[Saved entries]
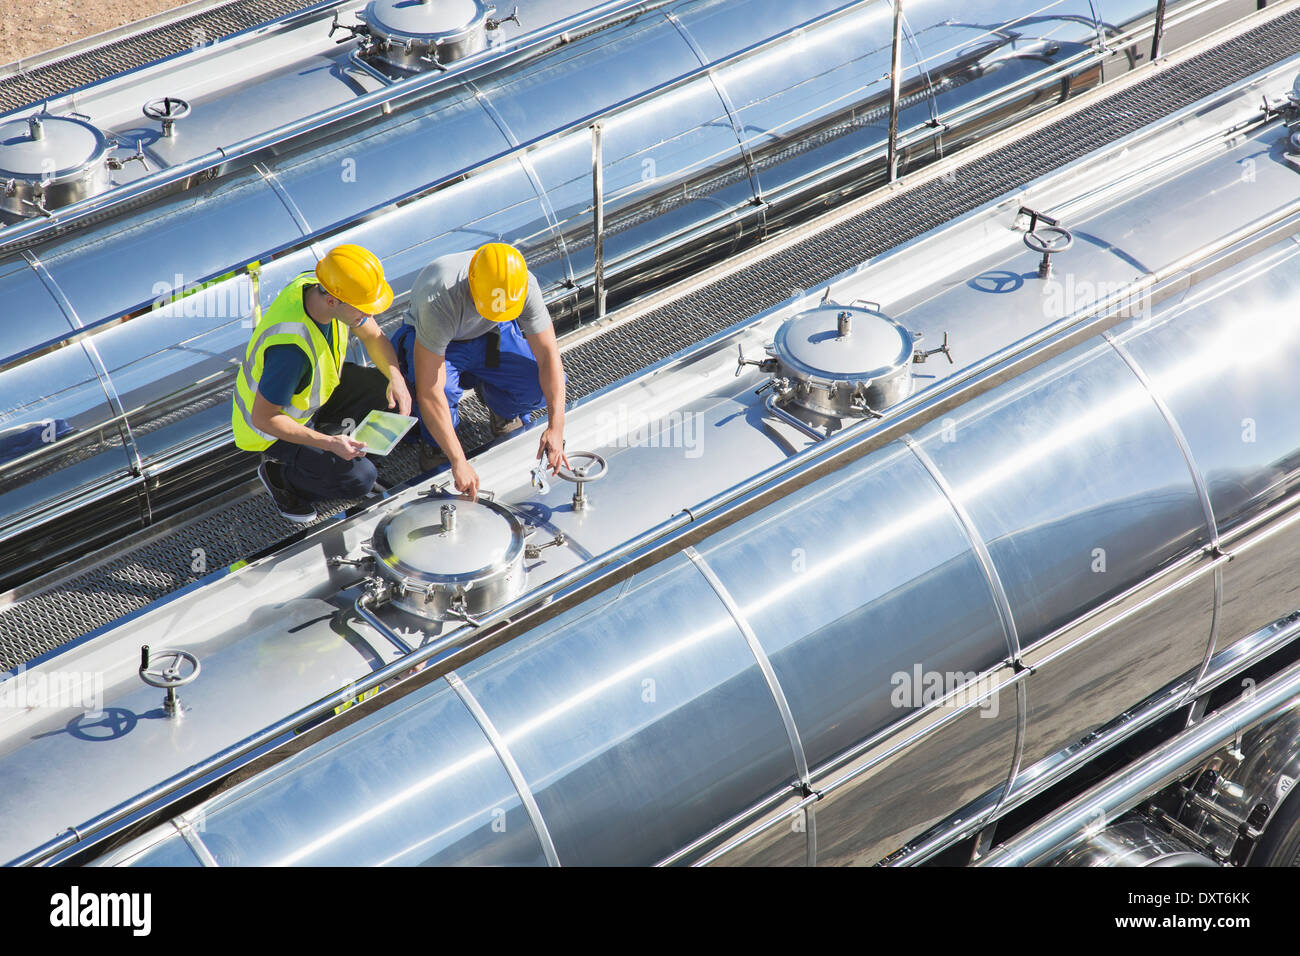 Workers on platform above stainless steel milk tanker Stock Photo
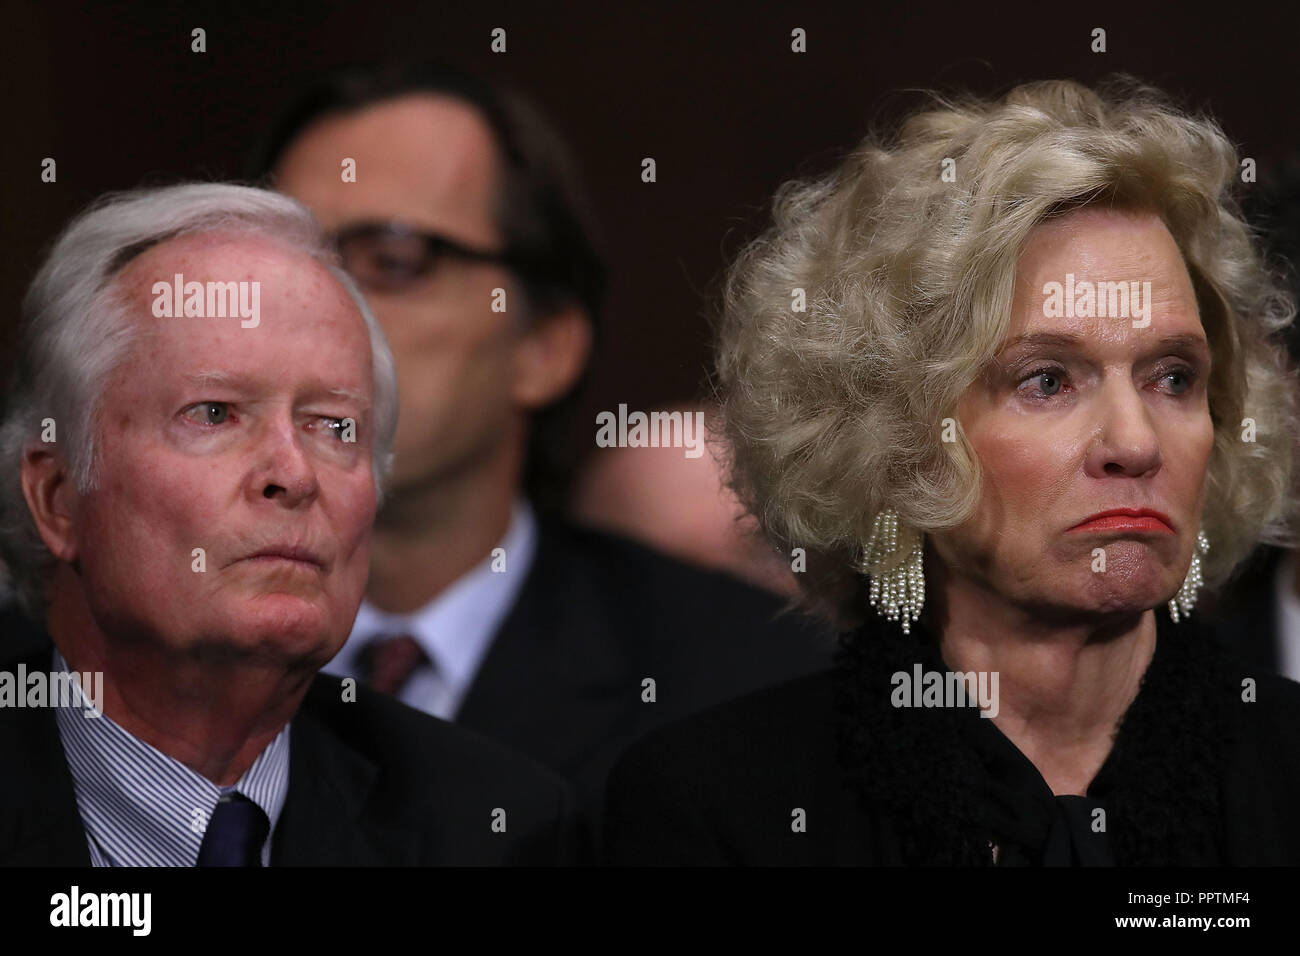 September 27, 2018 - Washington, District of Columbia, U.S. - Judge Brett Kavanaugh's parents, Everett and Martha Kavanaugh, listen to their son testify before the Senate Judiciary Committee during his Supreme Court confirmation hearing in the Dirksen Senate Office Building on Capitol Hill September 27, 2018 in Washington, DC. Kavanaugh was called back to testify about claims by Christine Blasey Ford, who has accused him of sexually assaulting her during a party in 1982 when they were high school students in suburban Maryland. (Credit Image: © Win Mcnamee/CNP via ZUMA Wire) Stock Photo
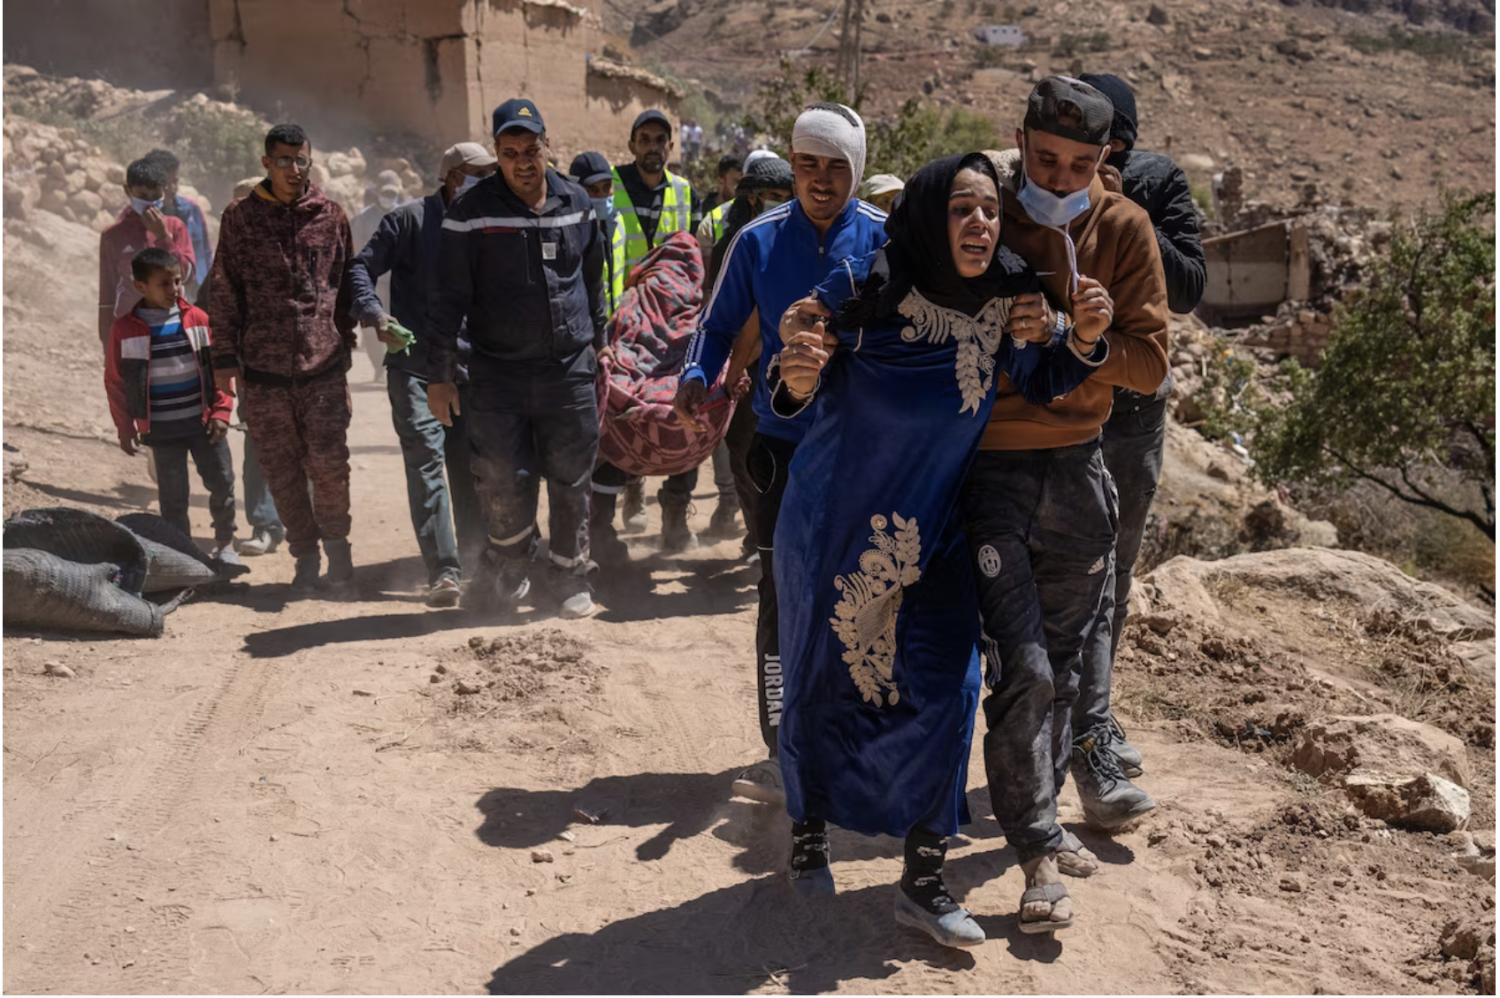 A woman is overcome with grief as her husband's body is carried for burial after being removed from beneath a collapsed house in Douzrou, Morocco, on Monday. (Carl Court/Getty Images)
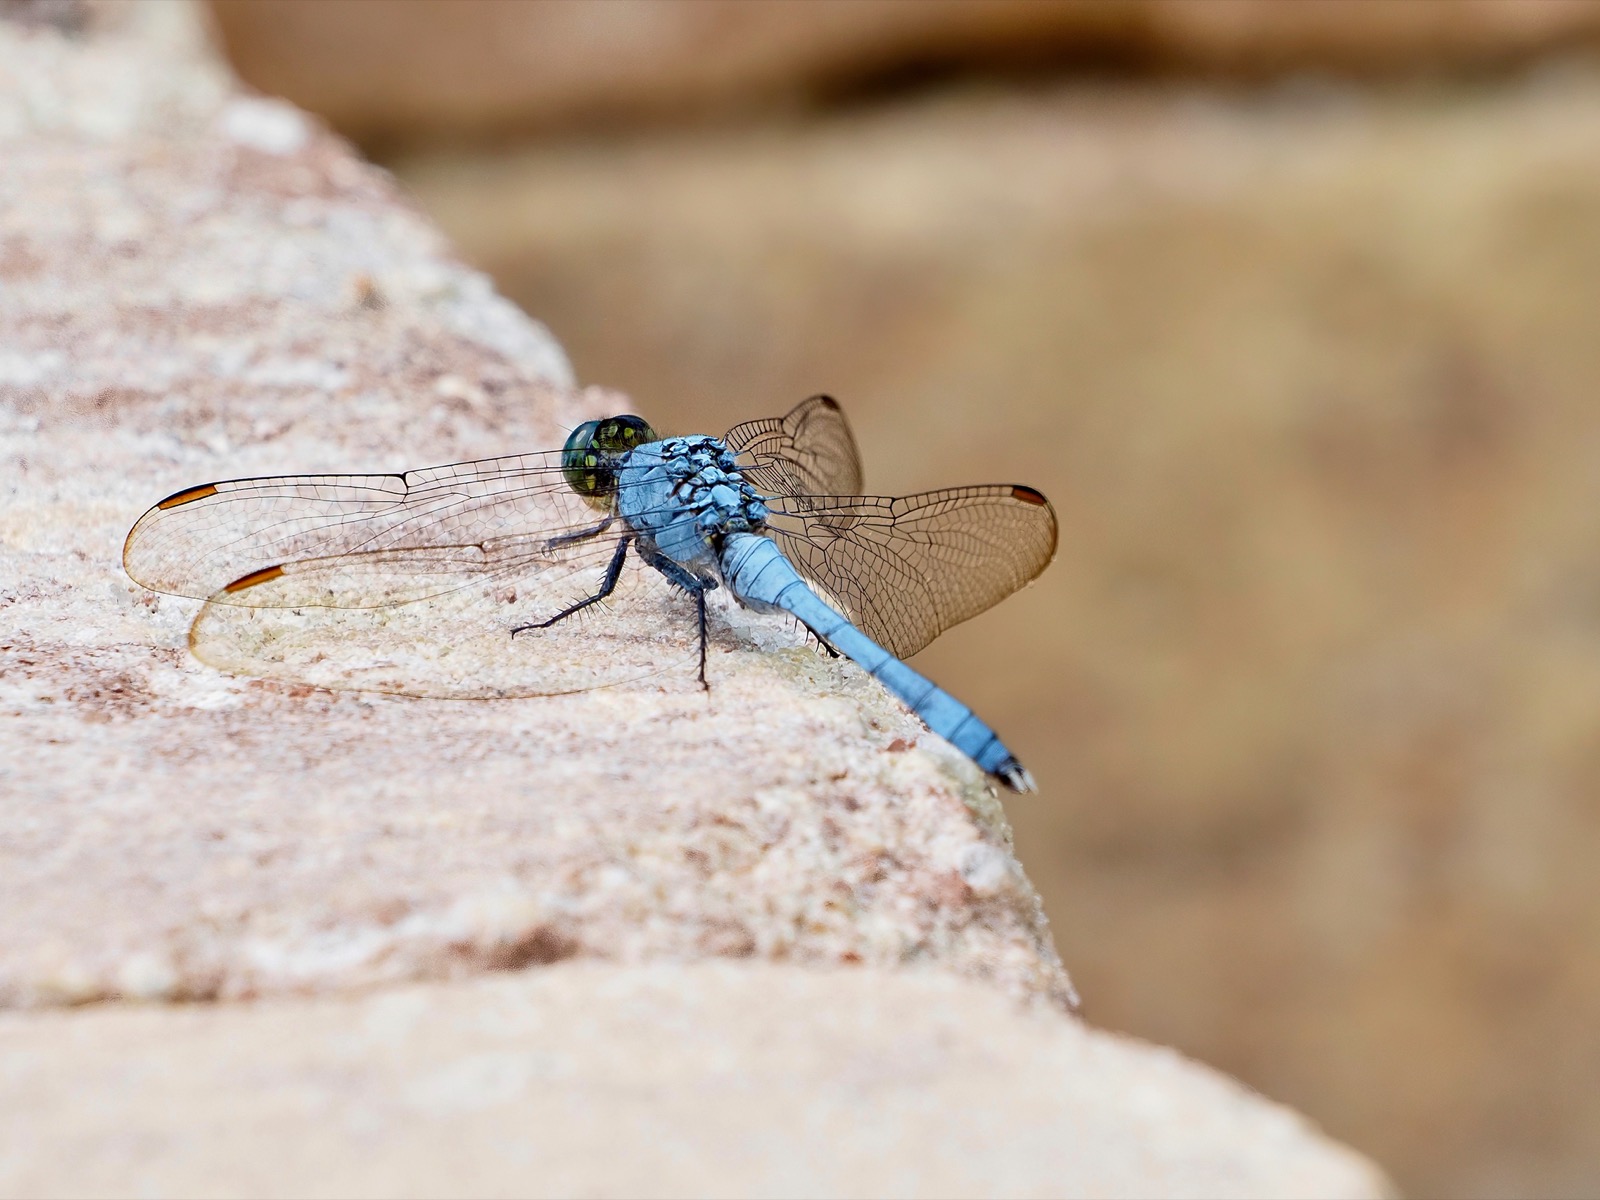 Closeup view of male eastern pondhawk dragonfly perched on a paver step.
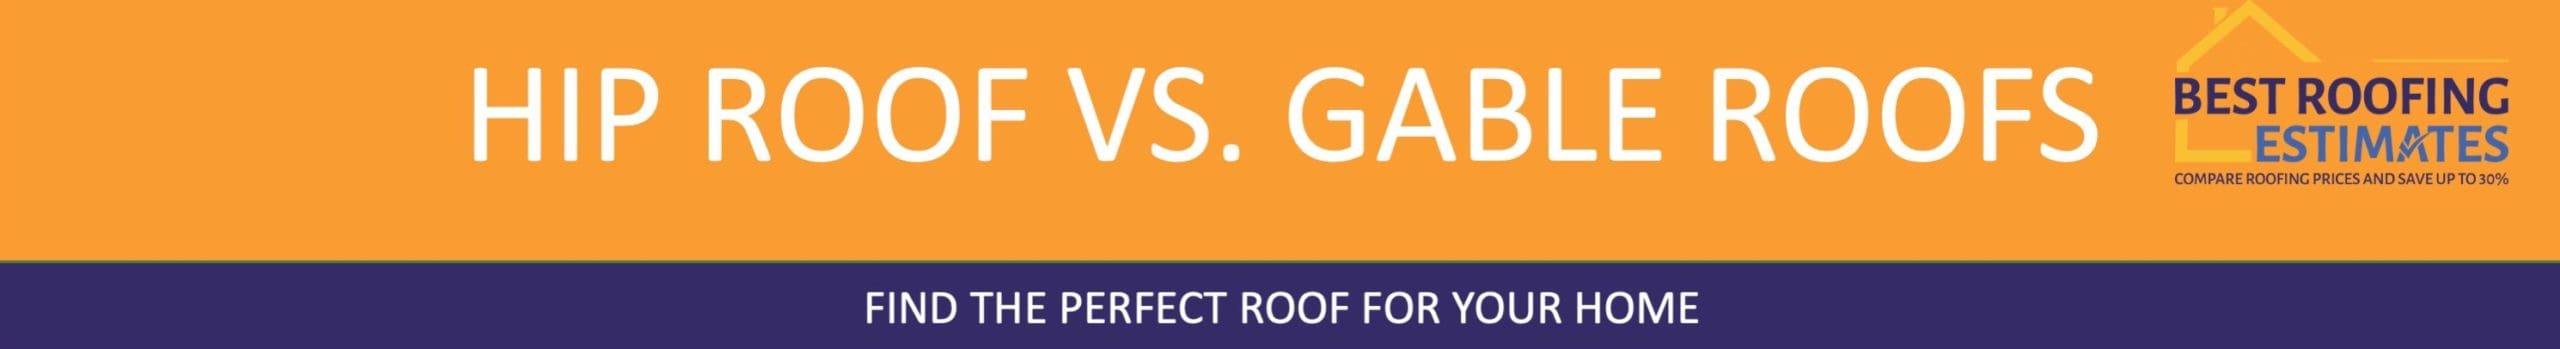 Gable Roof VS Hip Roof

About this task
Write out the data again word for word, minus any images.

Finished exercise
 Workers on platform above stainless steel milk tanker Stock Photo
 September 27, 2018 - Washington, District of Columbia, U.S. - Judge Brett Kavanaugh's parents, Everett and Martha Kavanaugh, listen to their son testify before the Senate Judiciary Committee during his Supreme Court confirmation hearing in the Dirksen Senate Office Building on Capitol Hill September 27, 2018 in Washington, DC. Kavanaugh was called back to testify about claims by Christine Blasey Ford, who has accused him of sexually assaulting her during a party in 1982 when they were high school students in suburban Maryland. (Credit Image: © Win Mcnamee/CNP via ZUMA Wire) Stock Photo
 A woman is overcome with grief as her husband's body is carried for burial after being removed from beneath a collapsed house in Douzrou, Morocco, on Monday. (Carl Court/Getty Images)
 Closeup view of male eastern pondhawk dragonfly perched on a paver step.
 Gable Roof VS Hip Roof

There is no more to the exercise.